Both Shand and Coilie’s founders are parents to young kids and mentioned the struggle to model better behaviors toward technology; such skills aren’t easily communicated to children who grow up watching their parents scroll, text, and check emails all day. "We were not the generation that made smartphones and got us all addicted, but it’s up to our generation to solve that problem and establish what is appropriate behavior for smartphone usage," says Trey. Some parents are opting to literally bring back the old apparatus: Artist Andy Bellomo has thought about getting a landline after years of being "swallowed" by her cell. With a four-year old daughter who was rapidly making new friends, Bellomo purchased a Tin Can—a screenless, internet-enabled device that allows kids to call other Tin Can phones for free.
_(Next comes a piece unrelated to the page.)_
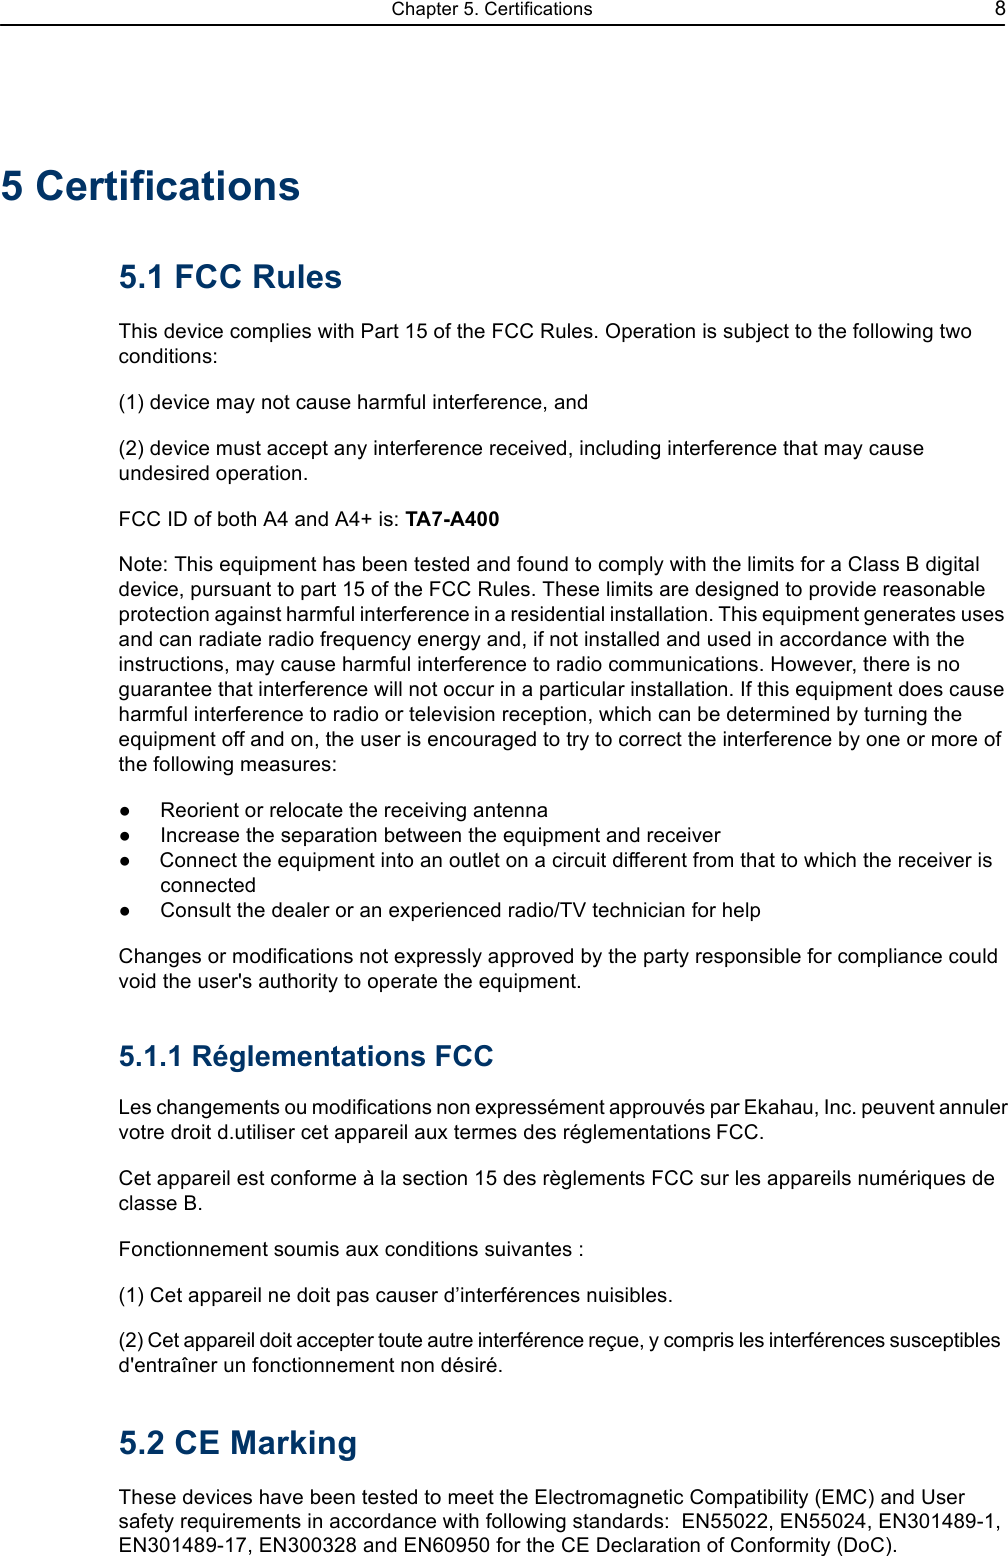 Chapter 5. Certifications 85 Certifications5.1 FCC RulesThis device complies with Part 15 of the FCC Rules. Operation is subject to the following two conditions:(1) device may not cause harmful interference, and(2) device must accept any interference received, including interference that may cause undesired operation.FCC ID of both A4 and A4+ is: TA7-A400Note: This equipment has been tested and found to comply with the limits for a Class B digital device, pursuant to part 15 of the FCC Rules. These limits are designed to provide reasonable protection against harmful interference in a residential installation. This equipment generates uses and can radiate radio frequency energy and, if not installed and used in accordance with the instructions, may cause harmful interference to radio communications. However, there is no guarantee that interference will not occur in a particular installation. If this equipment does cause harmful interference to radio or television reception, which can be determined by turning the equipment off and on, the user is encouraged to try to correct the interference by one or more of the following measures:Reorient or relocate the receiving antennaIncrease the separation between the equipment and receiverConnect the equipment into an outlet on a circuit different from that to which the receiver is connectedConsult the dealer or an experienced radio/TV technician for helpChanges or modifications not expressly approved by the party responsible for compliance could void the user&apos;s authority to operate the equipment.5.1.1 Réglementations FCCLes changements ou modifications non expressément approuvés par Ekahau, Inc. peuvent annuler votre droit d.utiliser cet appareil aux termes des réglementations FCC.Cet appareil est conforme à la section 15 des règlements FCC sur les appareils numériques de classe B.Fonctionnement soumis aux conditions suivantes :(1) Cet appareil ne doit pas causer dinterférences nuisibles.(2) Cet appareil doit accepter toute autre interférence reçue, y compris les interférences susceptibles d&apos;entraîner un fonctionnement non désiré.5.2 CE MarkingThese devices have been tested to meet the Electromagnetic Compatibility (EMC) and User safety requirements in accordance with following standards:  EN55022, EN55024, EN301489-1, EN301489-17, EN300328 and EN60950 for the CE Declaration of Conformity (DoC).
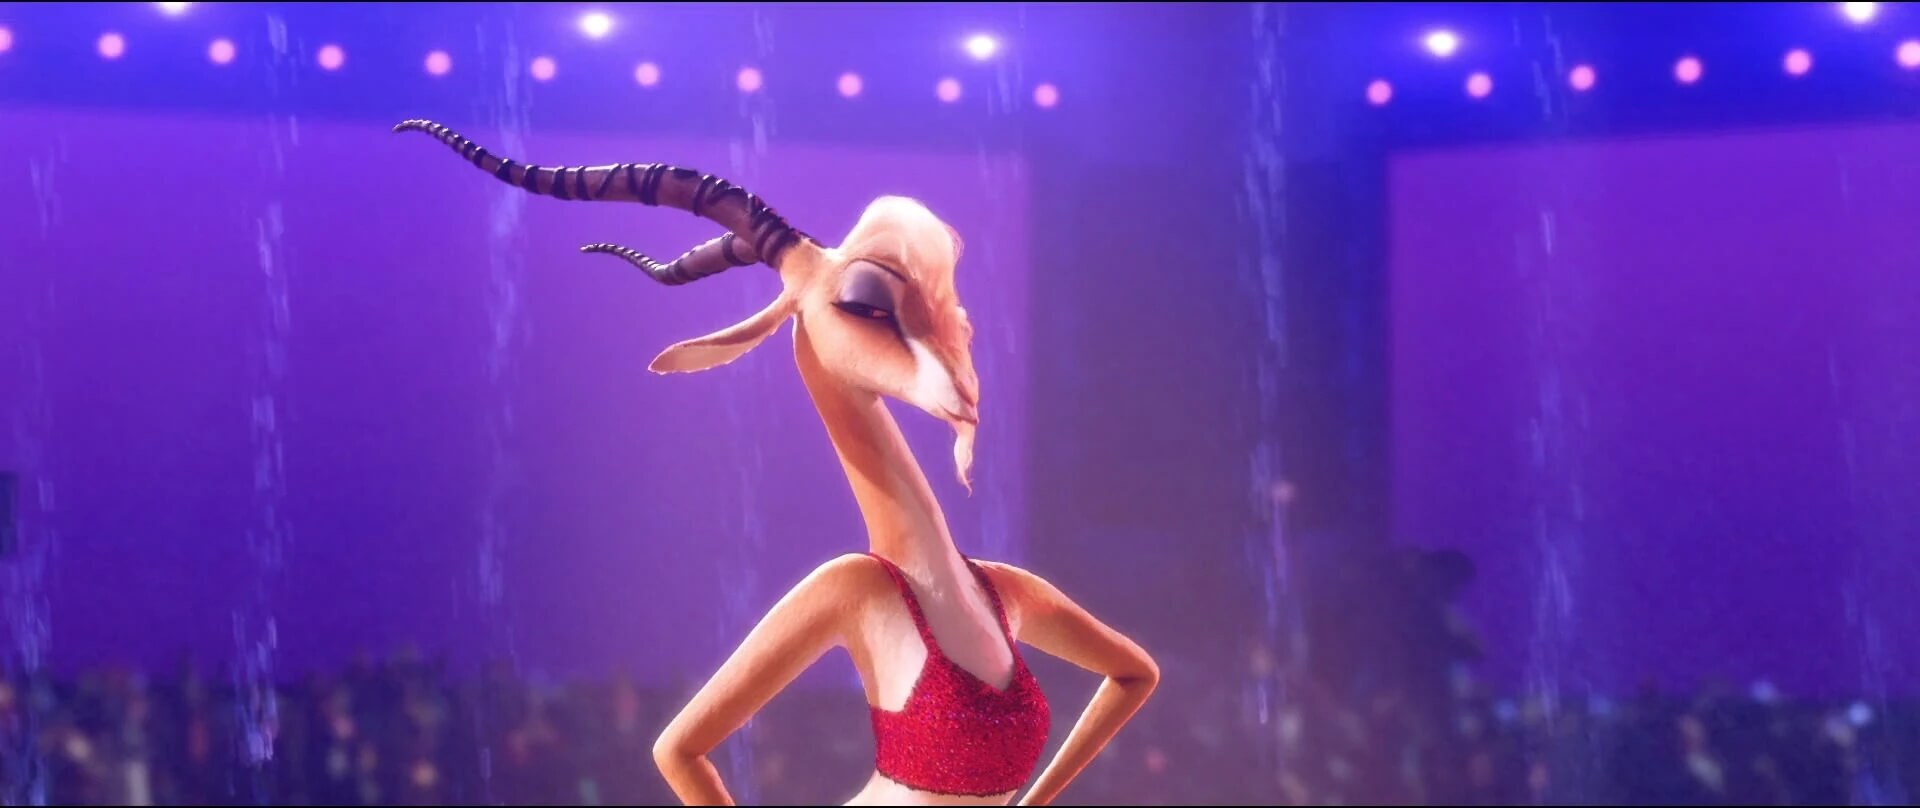 11-facts-about-gazelle-zootopia

Lauren Czajka and Kate Trey developed a smartphone dock called Coilie to create boundaries around usage at home.

Lauren Czajka and Kate Trey developed a smartphone dock called Coilie to create boundaries around screen time at home.

Rendering courtesy of Collie

When Bellomo’s family got the Tin Can, she and her partner realized they had to train their daughter in phone etiquette—though many parents of young kids might have grown up watching their parents answer the phone and hold long conversations with friends and family, these practices aren’t always modeled for today’s kids. "We taught her how to say hello, how was your day, and what are you doing; now she practices that and the conversations are interesting," says Bellomo. She adds that her daughter has learned how to listen to others and to wait for pauses in the voice on the other end before adding to the conversation—a type of mindfulness that requires attention to others’ verbal cues without seeing faces. Her daughter also learned that conflicts can be resolved over the phone.

It’s extra parenting, for sure, but Shand says that the mythology of design is that it is always used to make something difficult easier—but that is precisely what got us hooked on smartphones in the first place. Landlining our phones might add a little friction to the now-seamless act of picking up a call or responding to a text. But that friction could make our lives infinitely better.